Depending on how much of Genesis is sold and at what price, the sale stands to raise between $405 million and $808.5 million, which would be added to the almost $4 billion already raised in the MRP and Meridian floats, and the selldown of 20 percent of the government’s shareholding in Air New Zealand.

The government had originally hoped to raise between $5 billion and $7 billion from the sale process, but the commercial failure of its coal mining SOE Solid Energy took that asset off the books, while a combination of factors have reduced the immediate value of the electricity companies.

Labour SOE spokesman Clayton Cosgrove said the Genesis float was a “last, desperate fire sale”, and predicted the falling number of individual investors seen in the MRP and Meridian floats would continue.

“MightyRiverPower got 112,000 investors, Meridian got 63,000,” he said. “Given the Government’s track record, it will be paying investors to take the shares off their hands.”

Genesis is the smallest electricity SOE by asset value but by far the country’s largest electricity and gas retailer with more than 650,000 customer connections. It owns a mixture of gas and coal-fired, wind and hydro plant.

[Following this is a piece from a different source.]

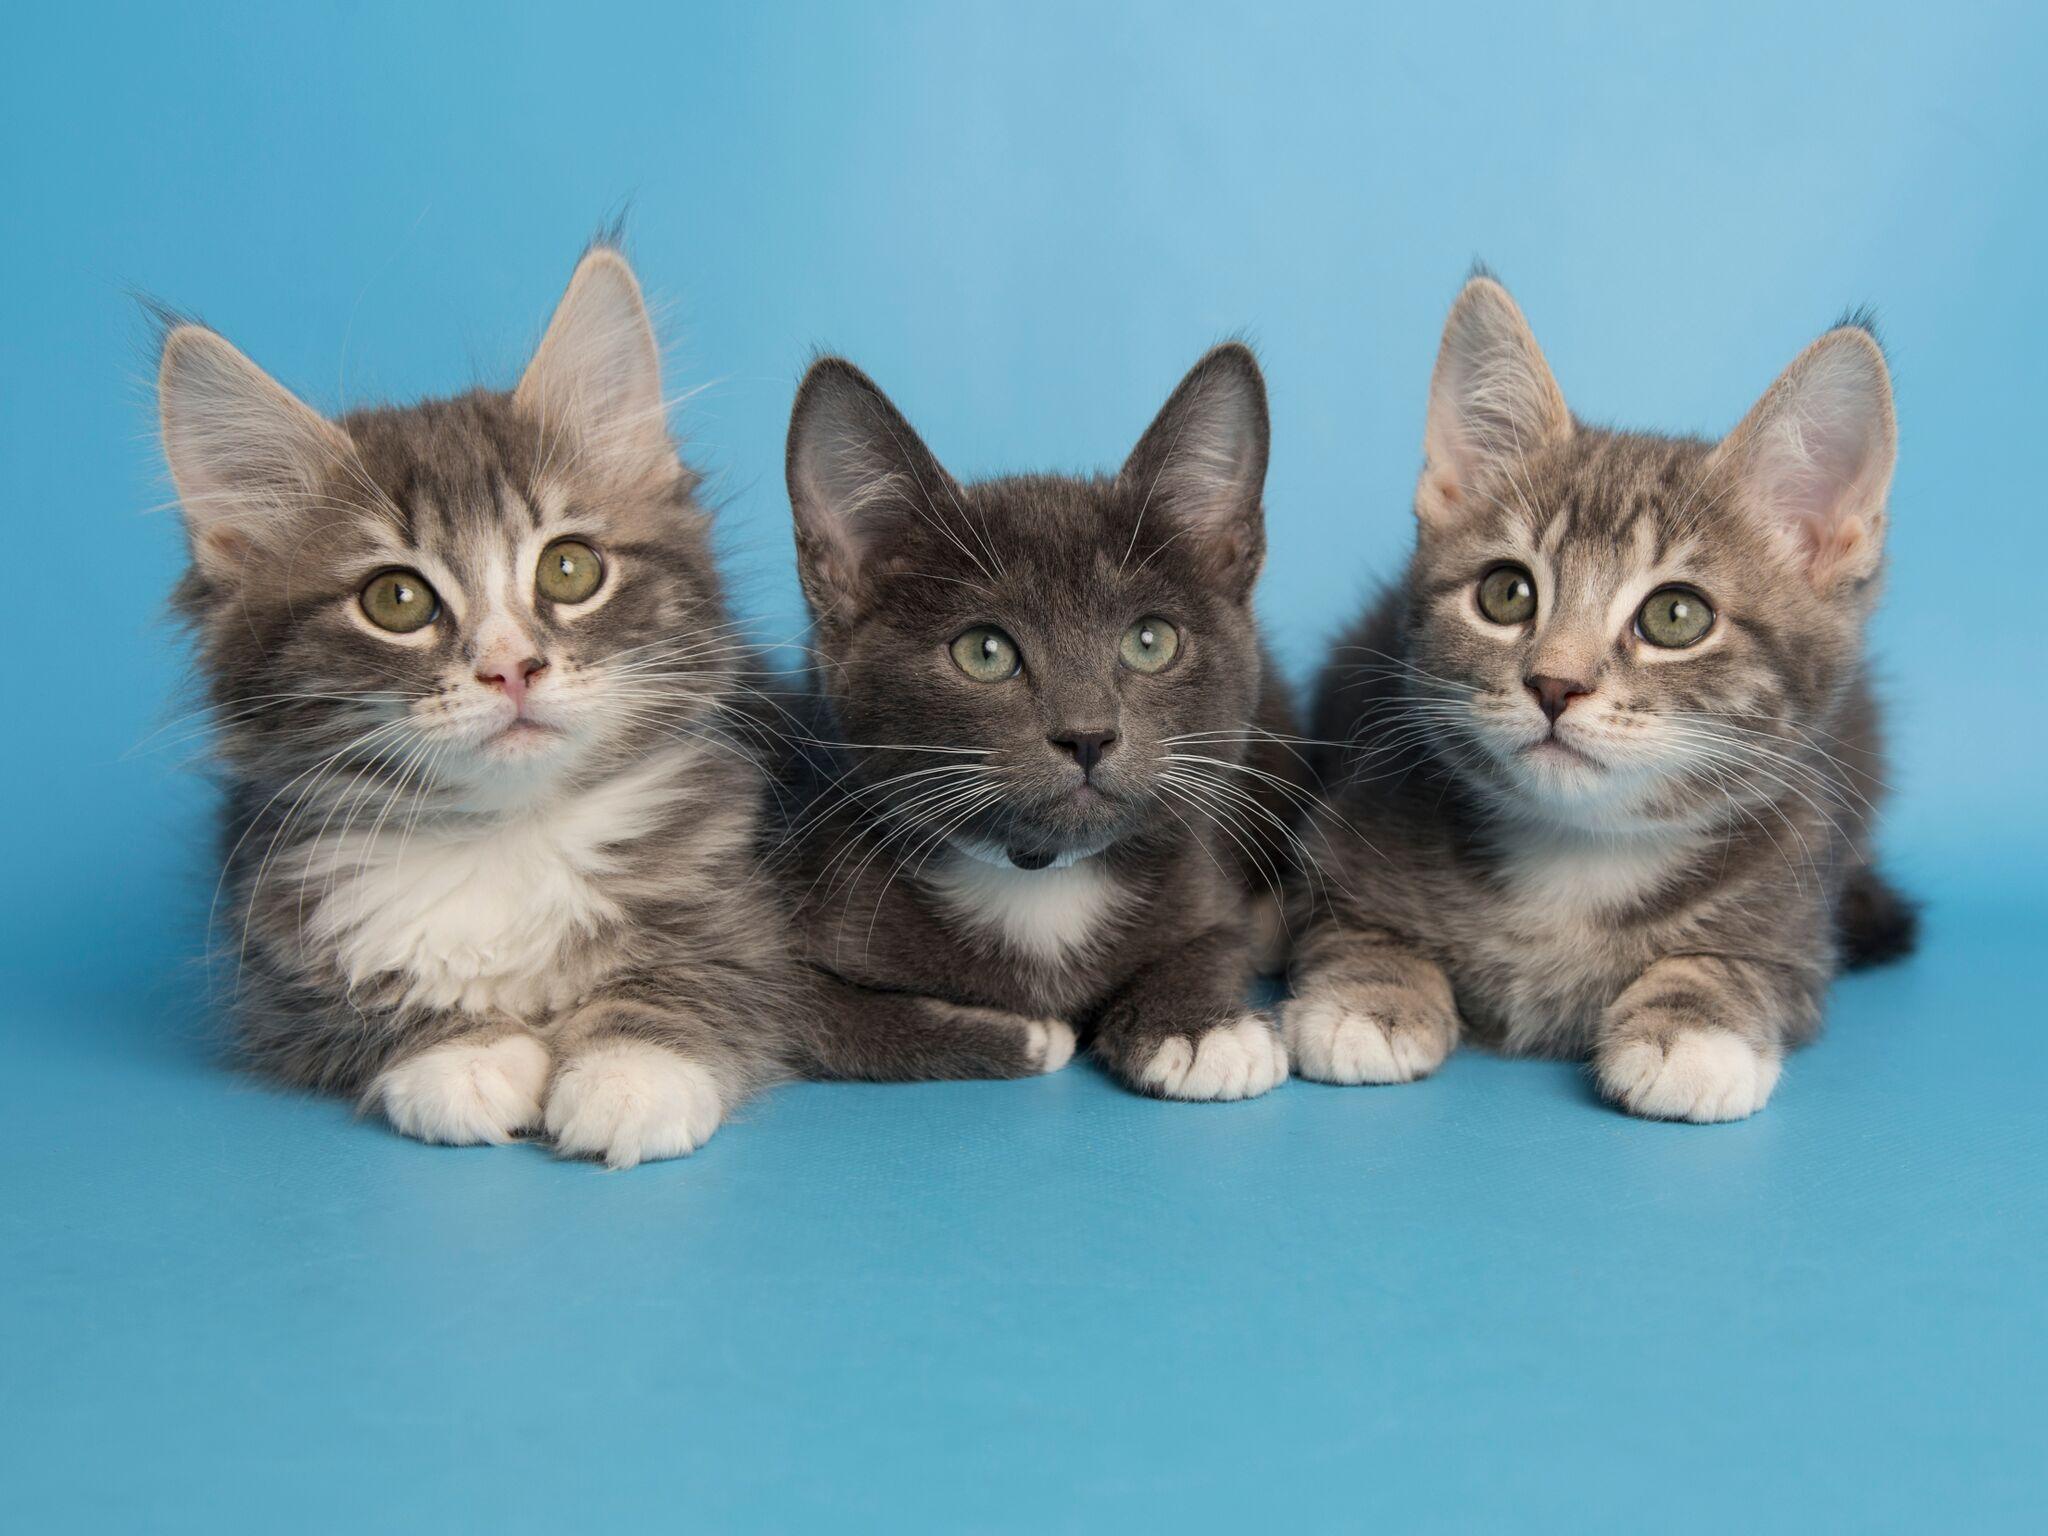 Kittens_preview.jpeg
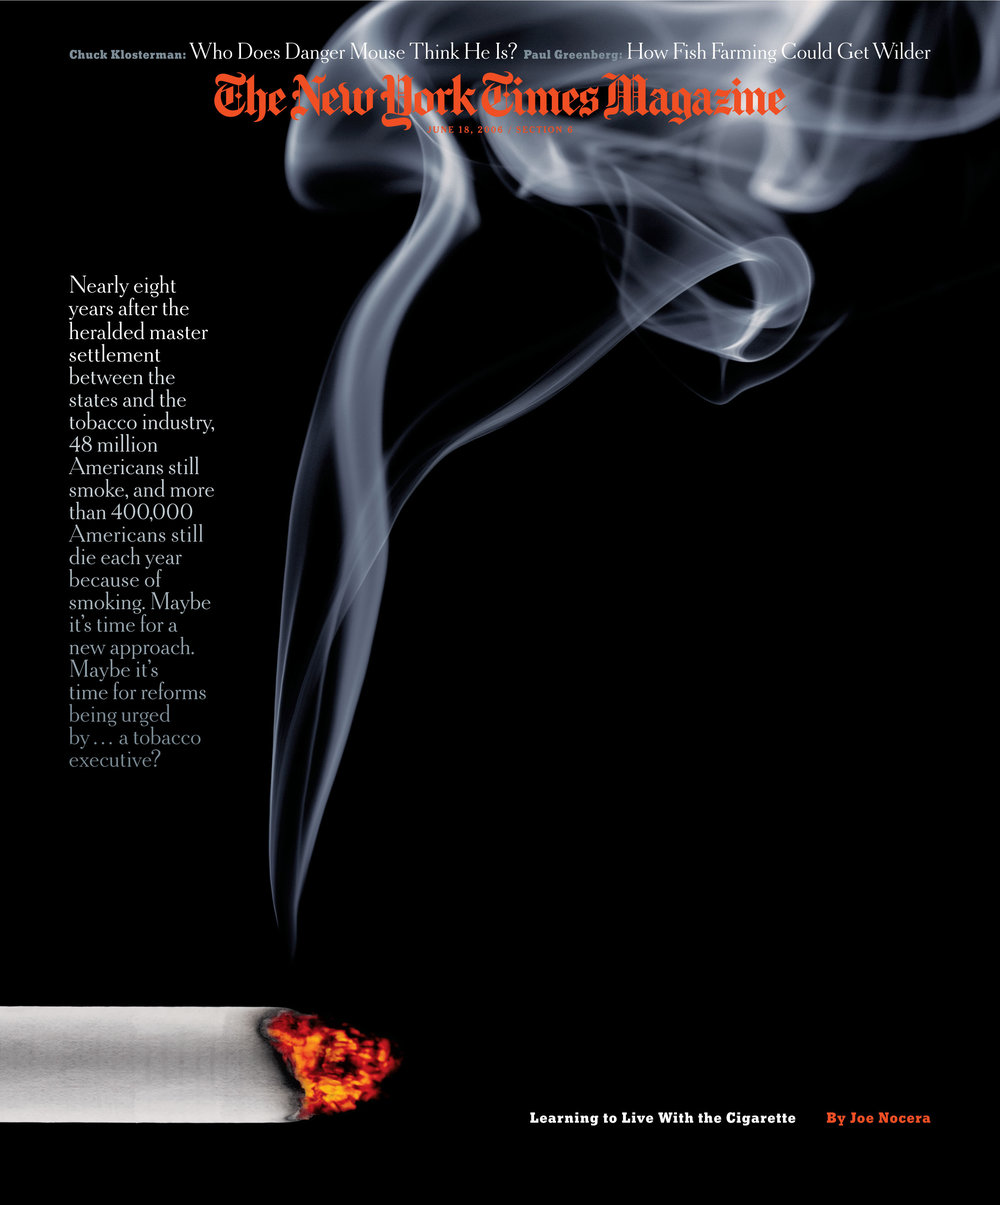 COVER.06.18.06.Cigarette Cover.jpg

In all three floats, the taxpayer remains the controlling shareholder, with at least 51 percent of the shares, and the government is committed to 85 percent New Zealand ownership at the time of the float, albeit foreign investors could then buy shares issued to New Zealanders.

Clouding the outlook for electricity companies are three major factors: the potential closure of the Tiwai Point aluminium smelter as early as 2017, the lack of electricity demand growth in the last five years, and the Labour and Green parties’ policy to dismantle the wholesale electricity market and replace it with a central buyer.

While an unlikely outcome, the smelter uses around one-seventh of all electricity generated in New Zealand, so its departure would prompt major industry changes to cope.

With power demand stalled since 2008, there are too many power stations available at present to meet demand, so wholesale power prices are lower on average than they have been in the previous decade, and the Labour-Greens policy would force price cuts of an unknown size, affecting current power company profitability.